#### [Record excerpts]
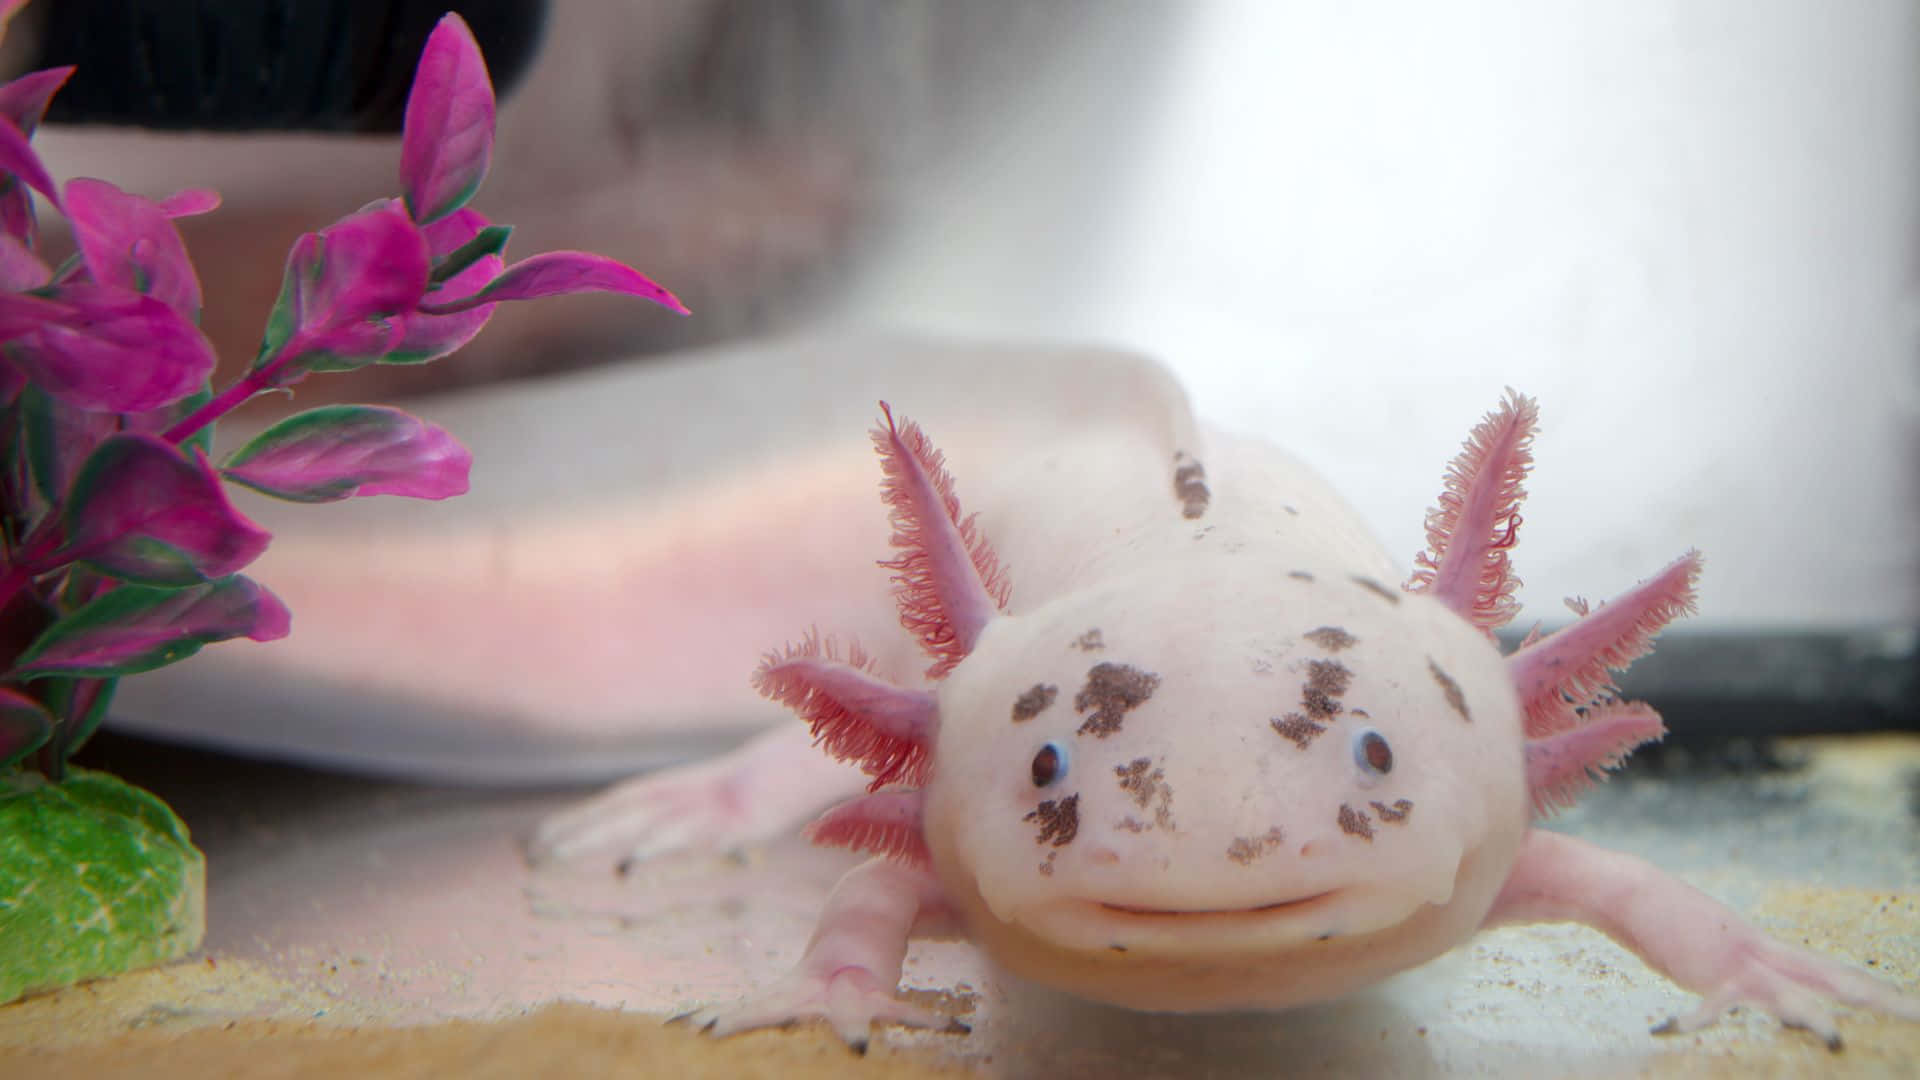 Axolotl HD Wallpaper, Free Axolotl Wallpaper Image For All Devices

---

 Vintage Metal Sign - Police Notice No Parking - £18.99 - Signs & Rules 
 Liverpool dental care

--

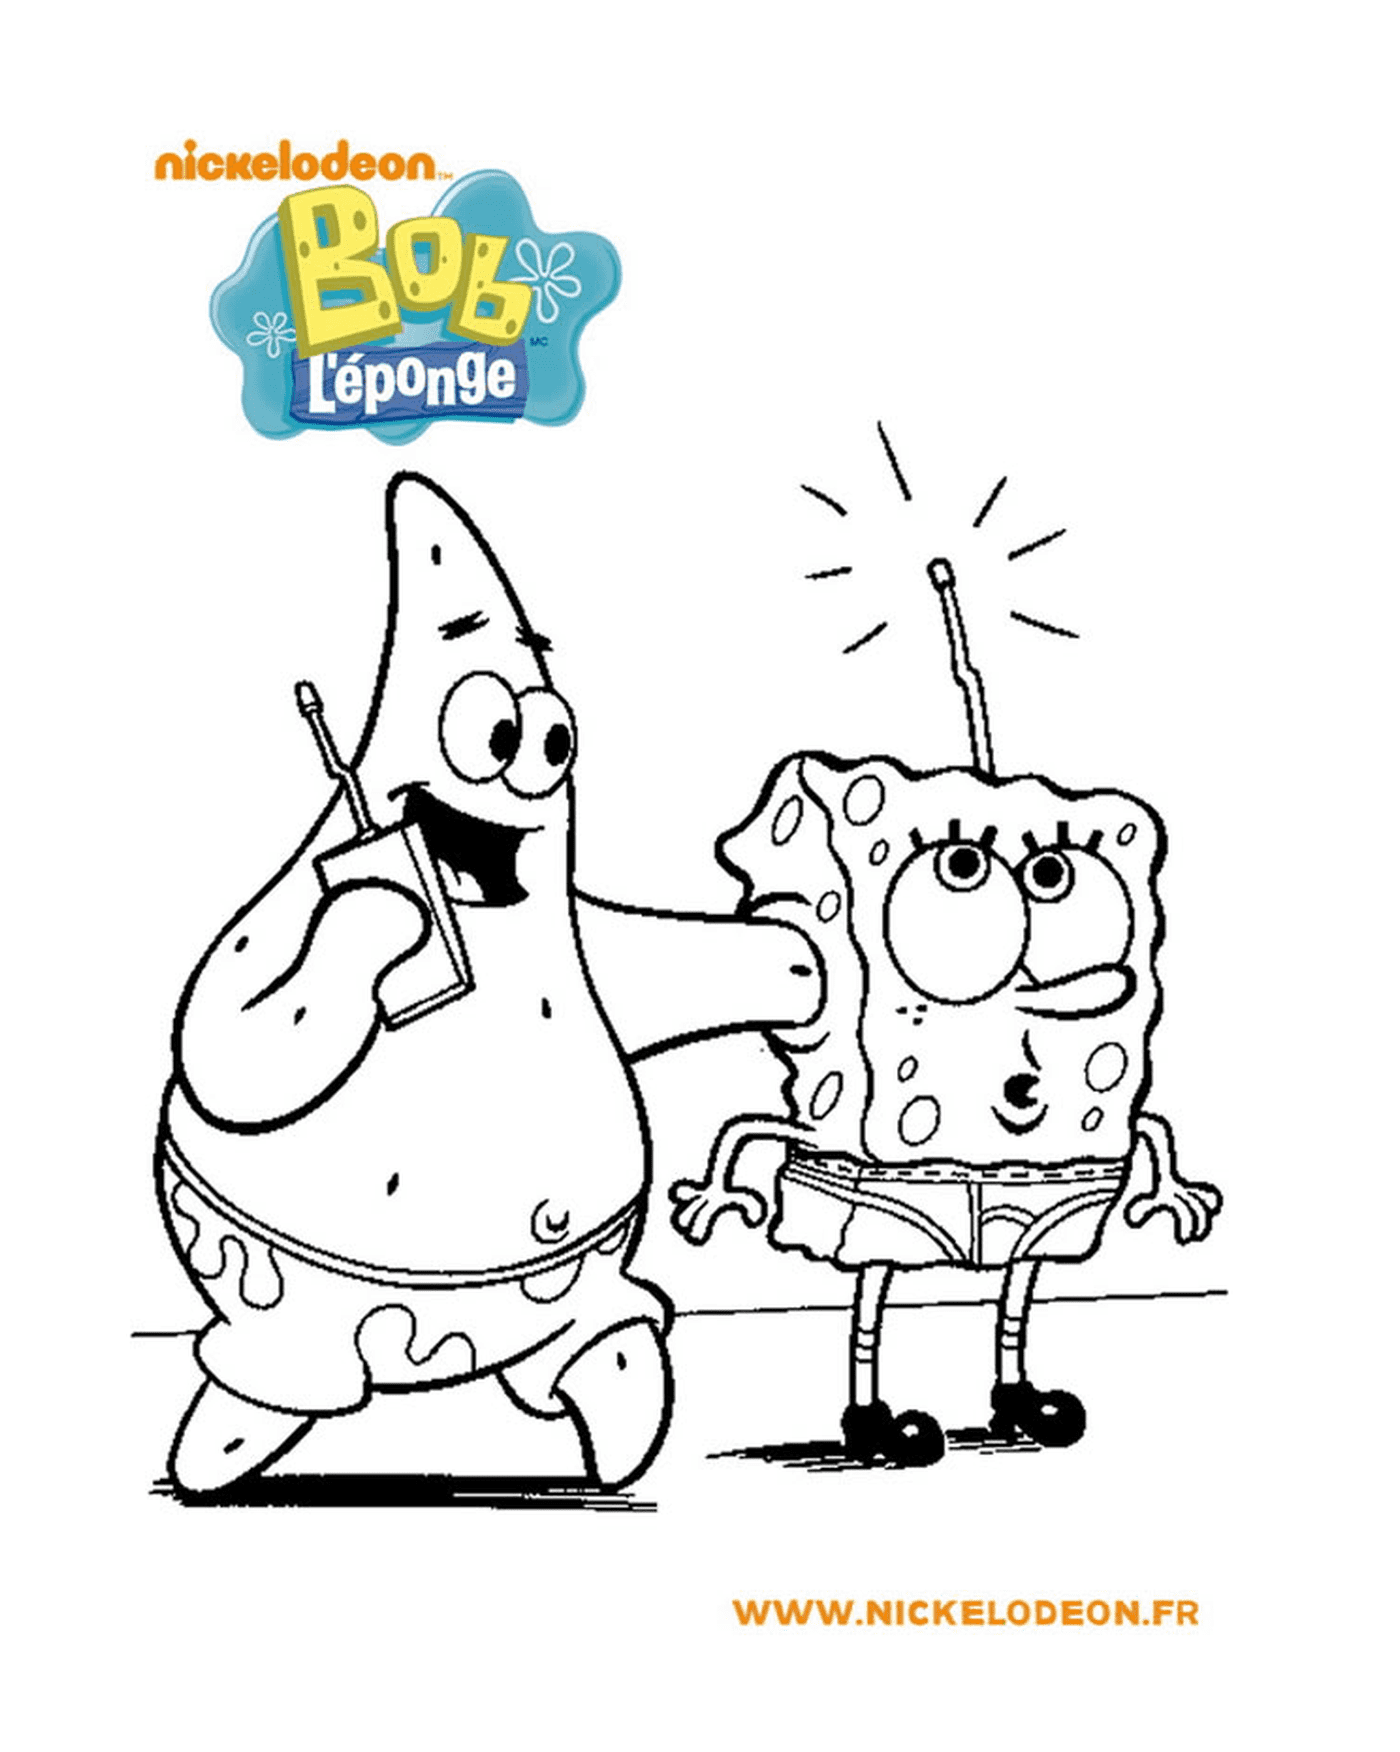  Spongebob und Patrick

#### [How to complete this task]
Give back exactly the lines of the listing above that run from the line with "Vintage Metal Sign" to the line with "Liverpool dental care", inclusive.

#### [Solution]
 Vintage Metal Sign - Police Notice No Parking - £18.99 - Signs & Rules 
 Liverpool dental care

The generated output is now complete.